The government’s policy on rooftop solar installations is an alternative to grid-scale solar on ONEs. Although grid-scale solar can be difficult to implement on residential roof-tops there are large grey areas that have been developed or designated for industrial purposes, large-scale production of solar is possible. Maharashtra Industrial Development Corporation owns a land bank totaling over 2.5 lakh acres. It would produce nearly 16 gigawatts per year if even 20% of the area were used for solar power generation.

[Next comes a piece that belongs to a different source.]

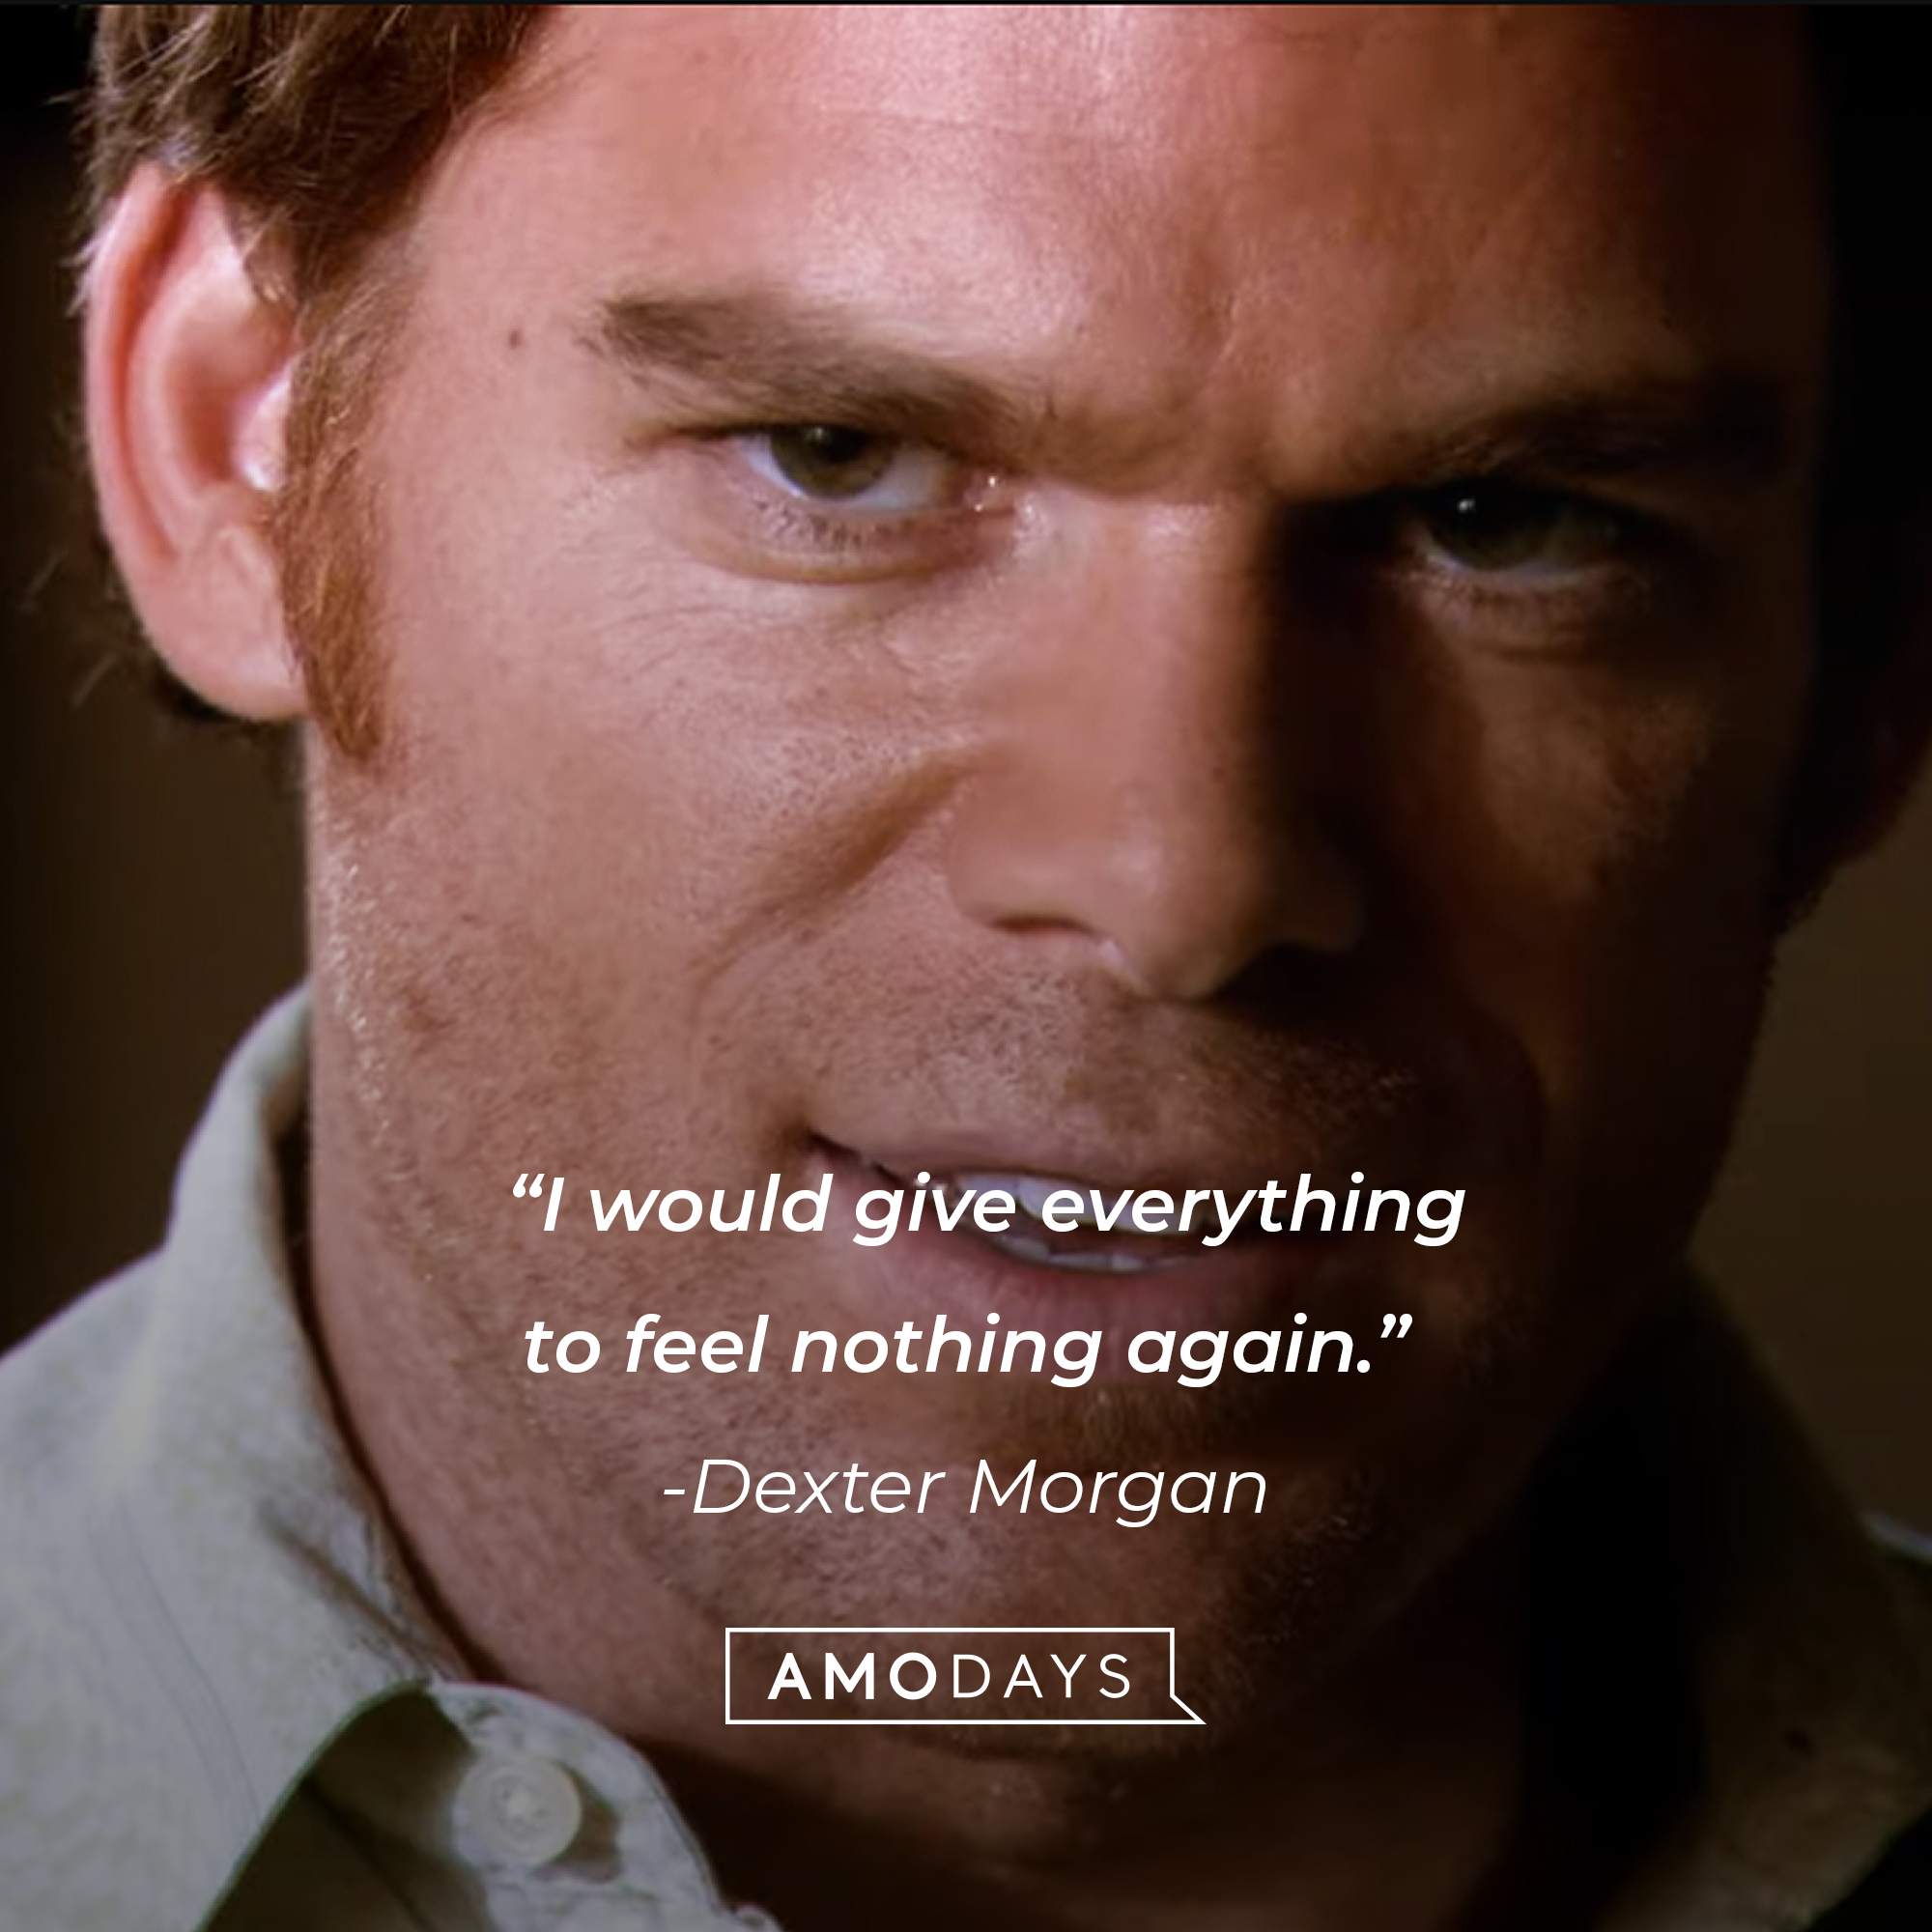 Dexter Morgan, with his quote: “I would give everything to feel nothing again.” | Source: Showtime

Because these industrial areas are major consumers, localised generation and utilisation can reduce transmission losses. Solar installations can also be made on rooftops of public buildings as with some railway stations.
Another alternative scenario is to use agrivoltaics in degraded agricultural lands. Dual benefits can be achieved by placing solar panels so that they can be grown below them. The shade of solar panels reduces evapotranspiration and conserves water. Additionally, the panels benefit from higher efficiency due to the cooling effect generated by the plants that grow below them. The Alliance for Reversal of Ecosystem Service Threats (AREST) has identified 11,000,000 hectares of degraded agriculture lands in semi-arid, sub-humid areas of India. These areas could be used for agrovoltaics which could transform the rural economy.
Although it is true that renewable energy projects have the potential to reduce our dependence on an energy economy that relies on fossil fuels, more attention must be paid to how and where they are implemented. Unfortunately, they have been poorly executed and poorly planned. They have not paid much attention to the ecological diversity and richness of the ONEs or the human livelihood and cultures these lands support.
Madhusudan works as a conservation scientist at the National Centre for Biological Sciences in Bengaluru. Vanak is an ecologist, Senior Fellow at ATREE in Bengaluru.